Sorry about your baby, goats can find the most ridiculous ways to get hurt. I have treated kids with pneumonia and have never had them not be able to stand, and some of them have been really sick 107° fevers. They will have a lack of energy and might sleep a lot, but they can still stand.  I would get her to a vet but in the meantime do you have any Banamine you could give her? It could be a serious injury, or hopefully just some swelling and maybe some Prednisone or a anti-inflammatory would help.


----------



## babsbag (Oct 18, 2016)

Also, a good way to prop them up is between two hay bales.


----------



## Latestarter (Oct 18, 2016)

Greetings and welcome to BYH. So sorry your kid goat got hurt. Hope she recovers fully. She may have swelling around the nerves in her neck, causing the inability to stand. As Babs said, banamine (pain reliever/anti inflammatory) should help with that as long as there's no permanent damage. I believe you could also give her just plain aspirin... you'd need to determine how many based on her weight.  http://www.thegoatspot.net/forum/f186/aspirin-dosage-goats-112236/  <---one of many links. Please let us know how things go.


----------



## Karen Bowen (Oct 18, 2016)

Thank you so much for your replies! I have her separated off with her mum, and have used the hay bale technique, much to her delight - she looks so happy snuggled in there!!! And this afternoon I helped her up and she had a little walk around while I supported her tummy   I was veering towards the swelling idea too, as she could wriggle her legs around so much when she wanted to, and hopefully that's it!

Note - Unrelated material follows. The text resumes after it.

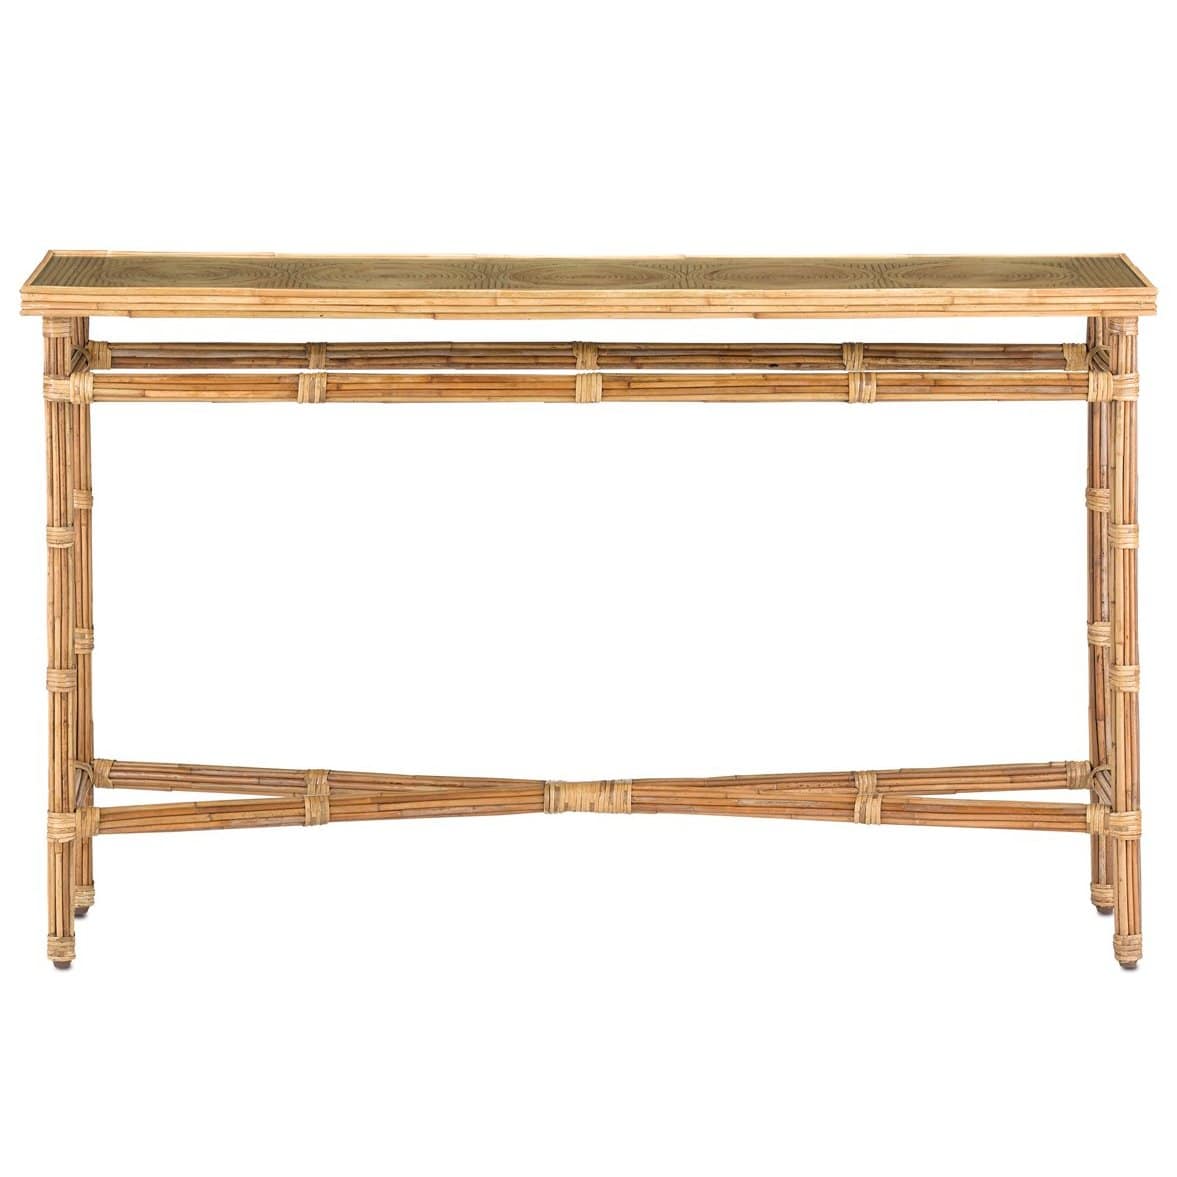 Currey & Company Silang Console Table Furniture currey-co-3000-0174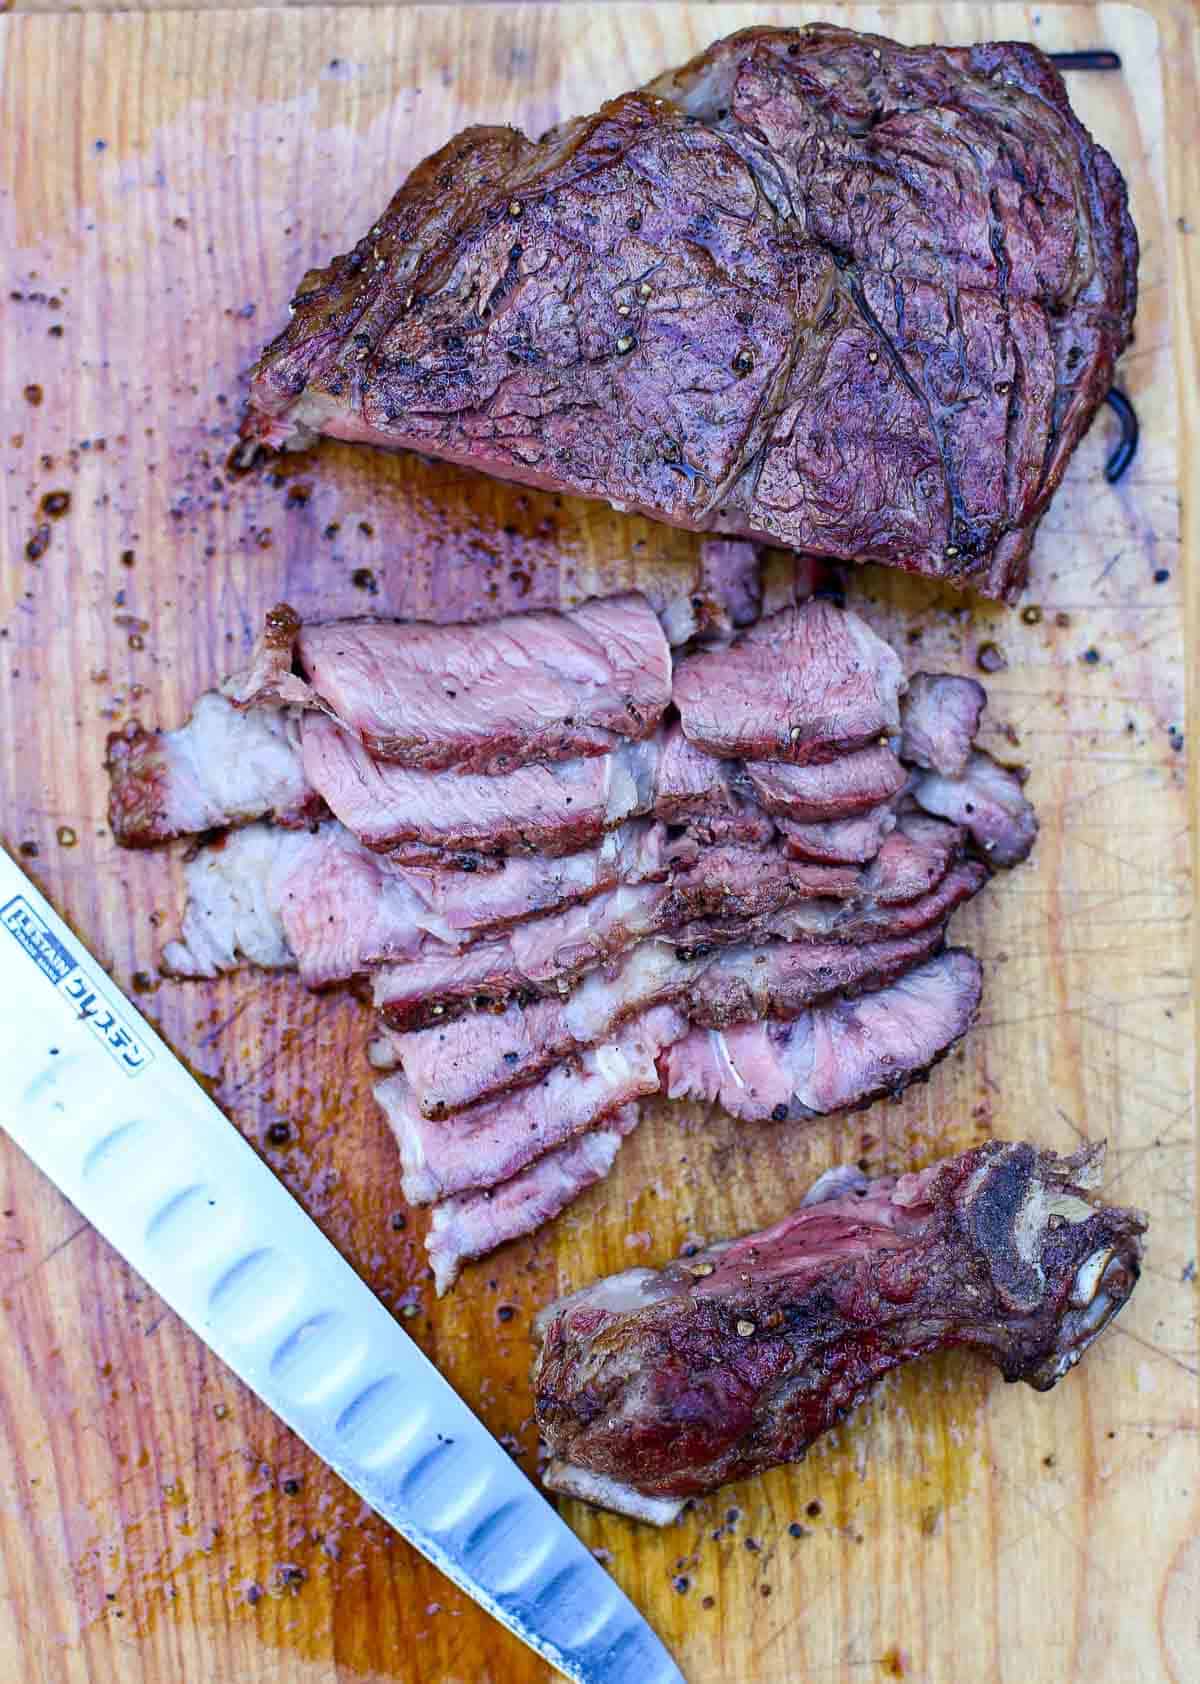 A Grilled Ribeye Steak sliced into thin slices

I was ready to call the vet out when she couldn't get up this morning but she is so much better now  When I helped her up yesterday she did a little baa of not being happy and just collapsed, but today no baa and she just looked around and her legs started walking - such a lovely moment!!!


----------



## Karen Bowen (Oct 18, 2016)

PS - I will take some photos of her tomorrow  We were so not expecting the 'walk' we didn't have a camera ready!!


----------



## babsbag (Oct 18, 2016)

So happy that she seems to be getting better. Can't wait to see pictures.


----------



## norseofcourse (Oct 18, 2016)

Welcome to Backyard Herds and I hope she continues to improve!


----------



## Latestarter (Oct 18, 2016)

That's awesome news! So glad she seems to be getting better. Please still keep an eye on her as her neck will be weak/swollen/sore for a little bit and it will most likely be easier for her to get re-injured. Hope you'll keep us posted as she improves.


----------



## Karen Bowen (Oct 22, 2016)

Hi - hopefully my attempt at including photos works 
Here she is....our litte Eva who is now trotting after mum around the 'nursery field' where we have separated them  The picture of her eating hay with mum was the first day she could stand on her own so excuse the state of her rear end!!! She is very very thin, easily pushed over (by mum when there's leaves on offer!!) and stands a 50 50 chance of getting up on her own, but she is eating like a horse and every day she is stronger. You are right about her neck - just after I posted that she was able to walk a little bit I noticed she couldn't stretch her neck down to the floor, and flexed her neck as if it was really stiff.....I haven't given her anything for it as she has been improving steadily and is fine with a hay bale sat in front of her nose - I do believe swelling etc....is there for a reason, to protect the nerves and help them heal....as long as they're not suffering, obviously. We have discovered she loves chestnuts, which we have gradually increased in quanitity and she's now devouring them by the handfulls!! It's been great seeing her recover, and also great to make friends with her, as before she was quite skittish but now runs up for cuddles  Thank you so much for all your support and advice - it has been such a help. I will hopefully post some more photos of her in a few weeks time with a much rounder tummy


----------



## Ferguson K (Oct 22, 2016)

Great news! Glad she's recovering well.


----------



## TAH (Oct 22, 2016)

She is cute!
Glad she is recovering well


----------



## Hens and Roos (Oct 22, 2016)

Glad to hear she is getting better!  Cute pictures


----------



## babsbag (Oct 22, 2016)

I think those little fluffy haired goats are the cutest. I had considered some myself until I talked to someone about the shearing, grooming, etc. Alot of work, but still adorable. I am really glad that she is getting better. That is the best news to read. 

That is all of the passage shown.